A guide to the mechanical and visual difference

The Rubicon model has become synonymous with the Jeep Wrangler for hard-core off-roading, despite its relatively recent introduction on the 2002 Wrangler TJ. The Rubicon trim has remained a part of Wrangler history since, including the jump to Jeep’s all-new 2018 Wrangler. The Rubi is now more capable than ever thanks to an improved suspension system, use of the 2018 Wrangler’s stronger frame, improved skid plates, and lower gearing thanks to the new transmissions choices.

But the Rubicon isn’t just about mechanical advantages. There are aesthetics advantages, too.

Most notably, the Wrangler Rubicon comes with steel rock sliders that protect the vulnerable rocker panels under the doors; there’s an available steel bumper that easily holds an electric winch; and new for 2018, the front fenders are taller so owners can run 35-inch tires without having to modify a thing. Let’s get into the details below.

Continue reading for more on the 2018 Jeep Wrangler Rubicon.

What makes the Rubicon different from other Wranglers

What Separates the Rubicon from the Wrangler's Other Trims Exterior
- image 751435
The most obvious difference is the big RUBICON logo on the hood.

Let’s start with the visual stuff. The most obvious difference is the big RUBICON logo on the hood. The aluminum hood is also vented on Rubicon models. The next most obvious change on a stock 2018 Jeep Wrangler Rubicon is the unique wheel and tire combinations. Two styles of 17-inch wheels are available and both come exclusively with BFGoodrich All-Terrain T/A KO2 tires. Next are the red tow hooks. They come standard with the Rubicon. Most Rubicon models will likely come with the optional metal front winch bumper. It’s very similar to the metal front bumper seen on the JK, but its styling has been updated. The end caps still come off and an electric winch fits perfectly behind the center. Mopar sells a grille guard that bolts right to the exposed fasteners, too.

What Separates the Rubicon from the Wrangler's Other Trims Exterior
- image 751462
The Rubicon’s front fenders have been raised roughly two inches compared to non-Rubicon models

Last but certainly not least, the Rubicon’s front fenders have been raised roughly two inches compared to non-Rubicon models. This not only gives more clearance for front suspension articulation but allows the fitment of 35-inch tires with zero modifications to the fenders or suspension. Jeep knows its customers will upgrade their Wranglers, so the design and engineering teams made things as easy as possible.
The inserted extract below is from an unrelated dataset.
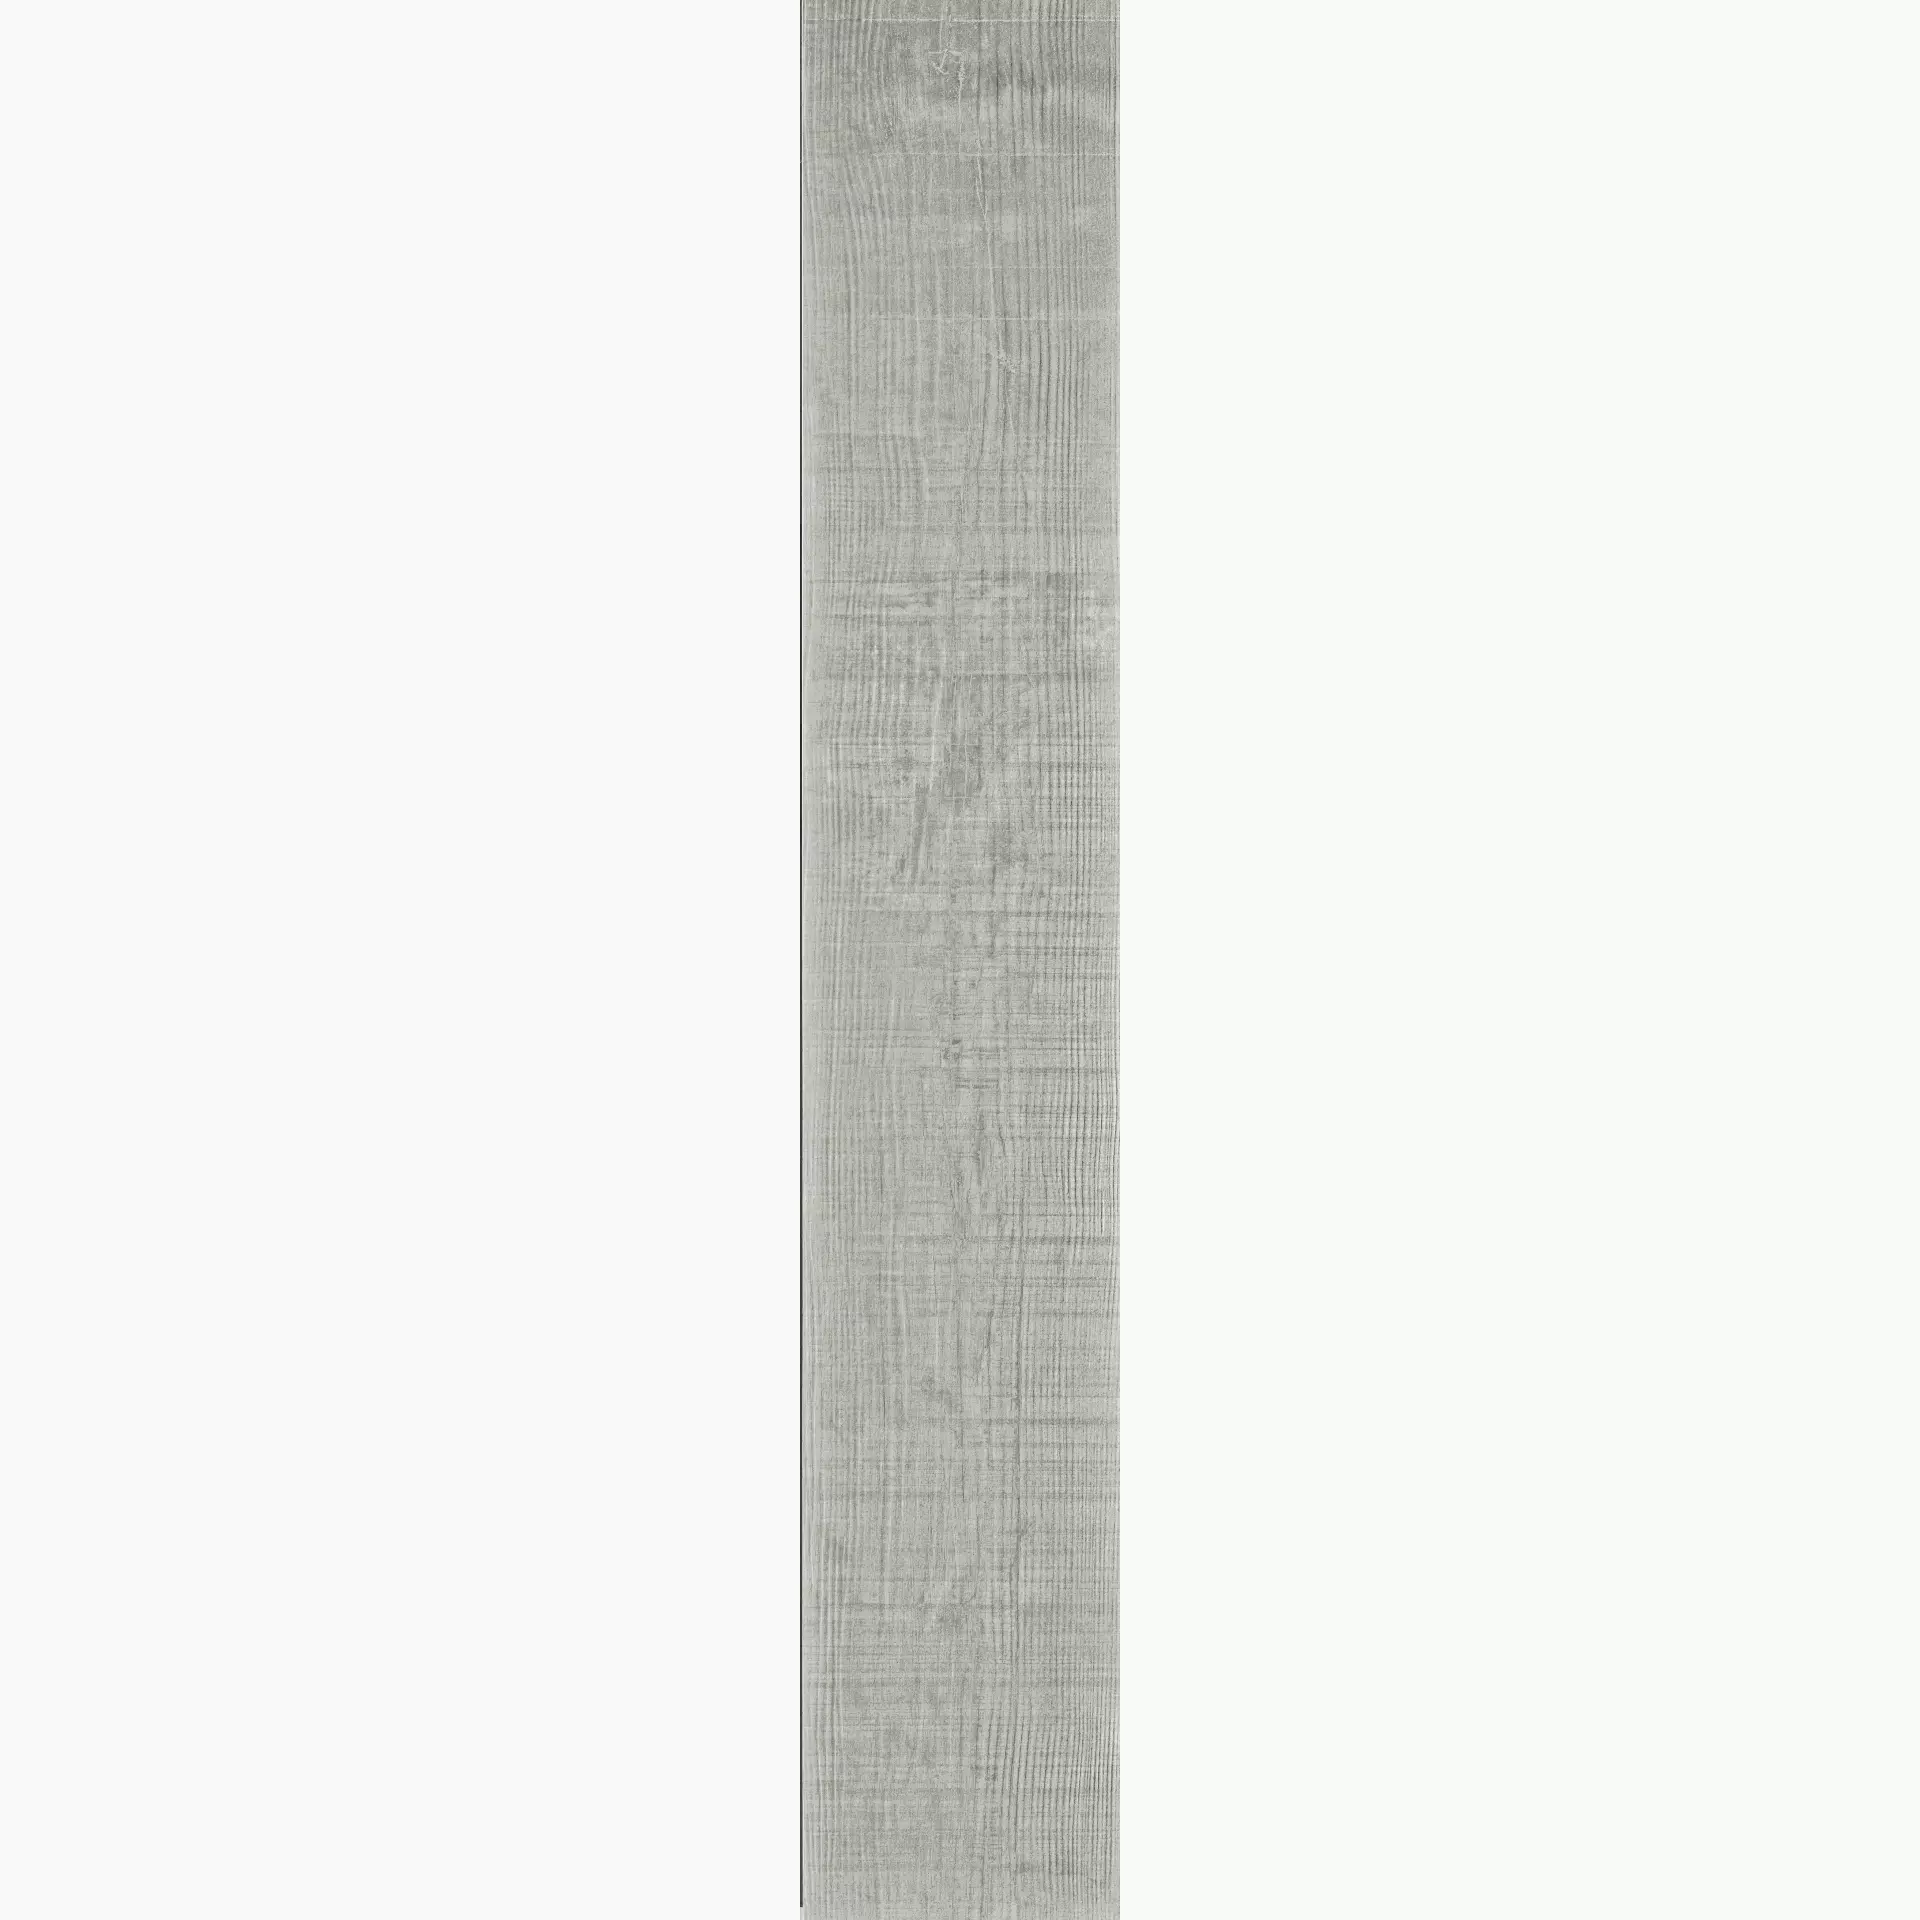 Serenissima Norway Natural Feel Naturale 1050641 20x120cm rectified 9,5mm

As far as tops go, the Wrangler Rubicon is available with all the offerings. It comes standard with the Sunrider folding soft top and the Premium Sunrider soft top is optional. The same is true for the Freedom Top, the body-colored Freedom Top, and the new Powertop.

Of course, the Rubicon’s biggest attributes are hidden under the skin. The front and rear axles are now the newest generation of Dana 44 axles. They have larger diameter tubes and thicker tube walls for added strength. Front and rear electronic locking differentials return, but with an improved toggle switch on the dashboard. The same is true for the electronically disconnecting front sway bar.

What Separates the Rubicon from the Wrangler's Other Trims Drivetrain
- image 751465
The axles continue to have 4.10:1 ratios, but the updated Rock-Trac transfer case now has lower ratios for better crawling

Gear ratios are another big part of the Rubicon story. The axles continue to have 4.10:1 ratios, but the updated Rock-Trac transfer case now has lower ratios for better crawling. When combined with the automatic transmission, the Rubicon offers a 77.2:1 crawl ratio and an impressively low 84.2:1 with the new six-speed manual transmission’s first gear.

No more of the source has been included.